В обзоре представлены современные достижения по применению графовых нейронных сетей для решения актуальных задач биоинформатики и медицины. Основное внимание в статье уделено фундаментальным причинам, по которым графовые нейронные сети следует применять для анализа биологических и медицинских данных, основным принципам их применения.
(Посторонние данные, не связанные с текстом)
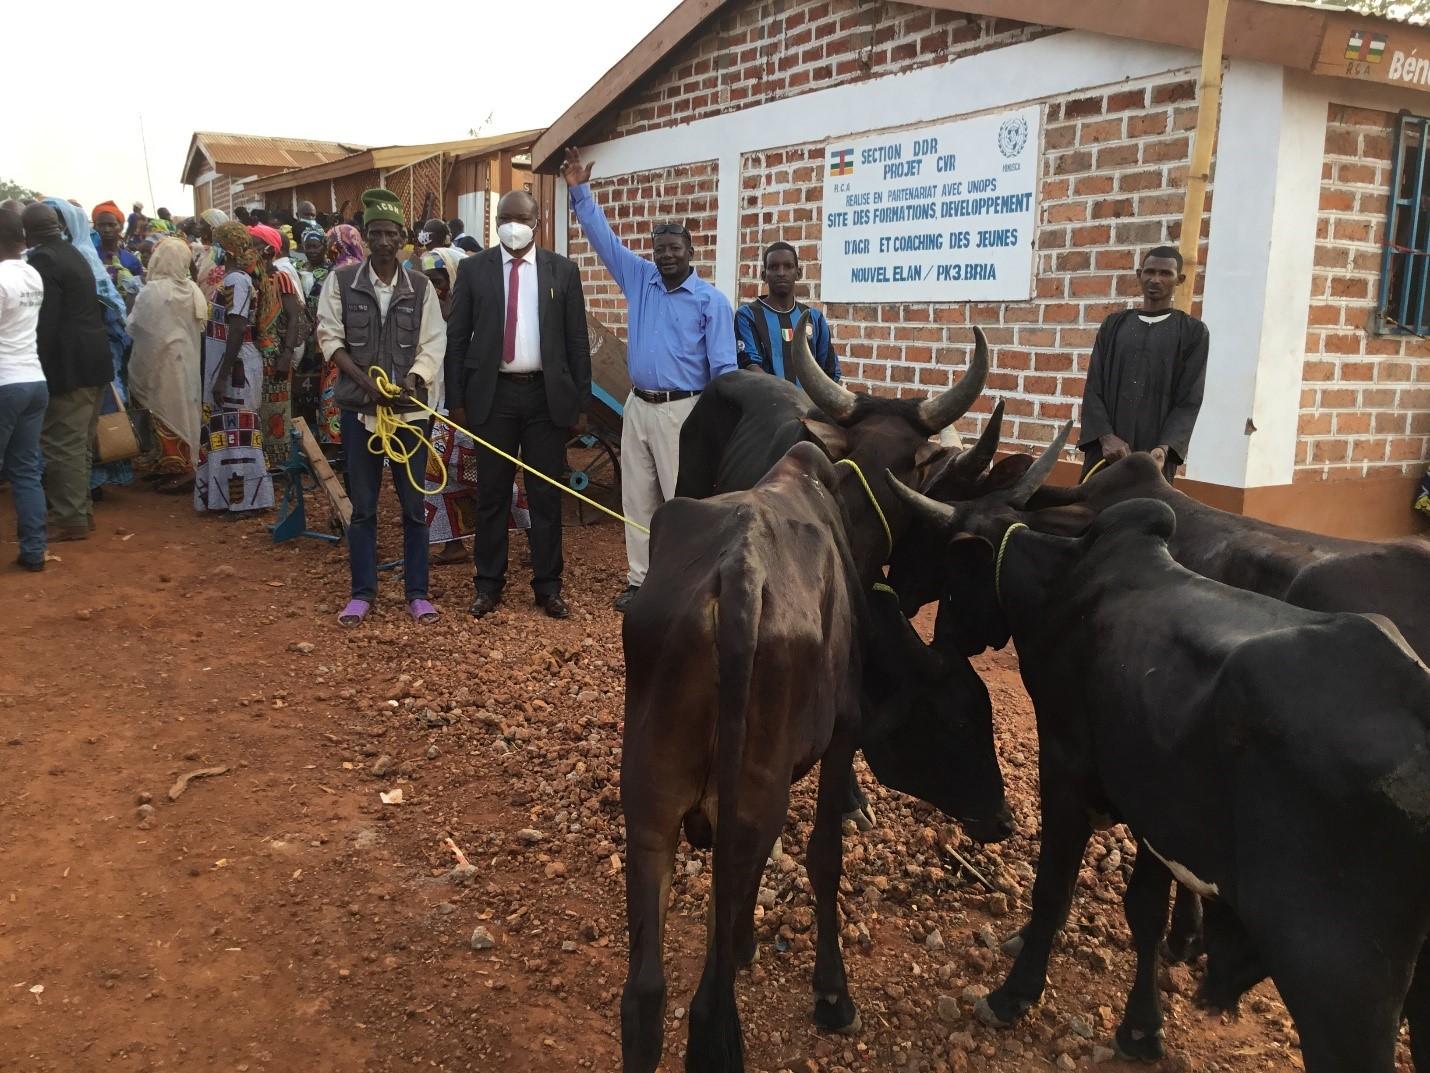 Centrafrique : La section DDR de la MINUSCA contribue à la réduction de violence communautaire à Bria

Теория создания графовых нейронных сетей находится в тренде развития искусственного интеллекта и обеспечивает большие перспективы для реализации преимуществ машинного обучения на практике. Эффективность их использования обусловлена способностью к обобщению разнородной информации, устойчивостью к неполным, нечетким и зашумленным данным; возможностью работы с большими объемами информации, включающими графовые структуры; хорошей адаптацией используемых моделей и совместимостью с современными методами параллельных вычислений.  В связи с этим, прогрессивные достижения получены в биомедицинских исследованиях, прогнозировании трафика, геномике, применительно к графам знаний и в других приложениях. В статье приведены примеры эффективного использования графовых нейронных сетей в биоинформатике и медицине и намечены будущие направления исследований. Показано, что использование GNN существенно повышает точность диагностики, позволяет ускорить процессы создания и тестирования новых лекарств, а также поднимает уровень взаимодействия между использованием передовых компьютерных технологий и лечением пациентов. 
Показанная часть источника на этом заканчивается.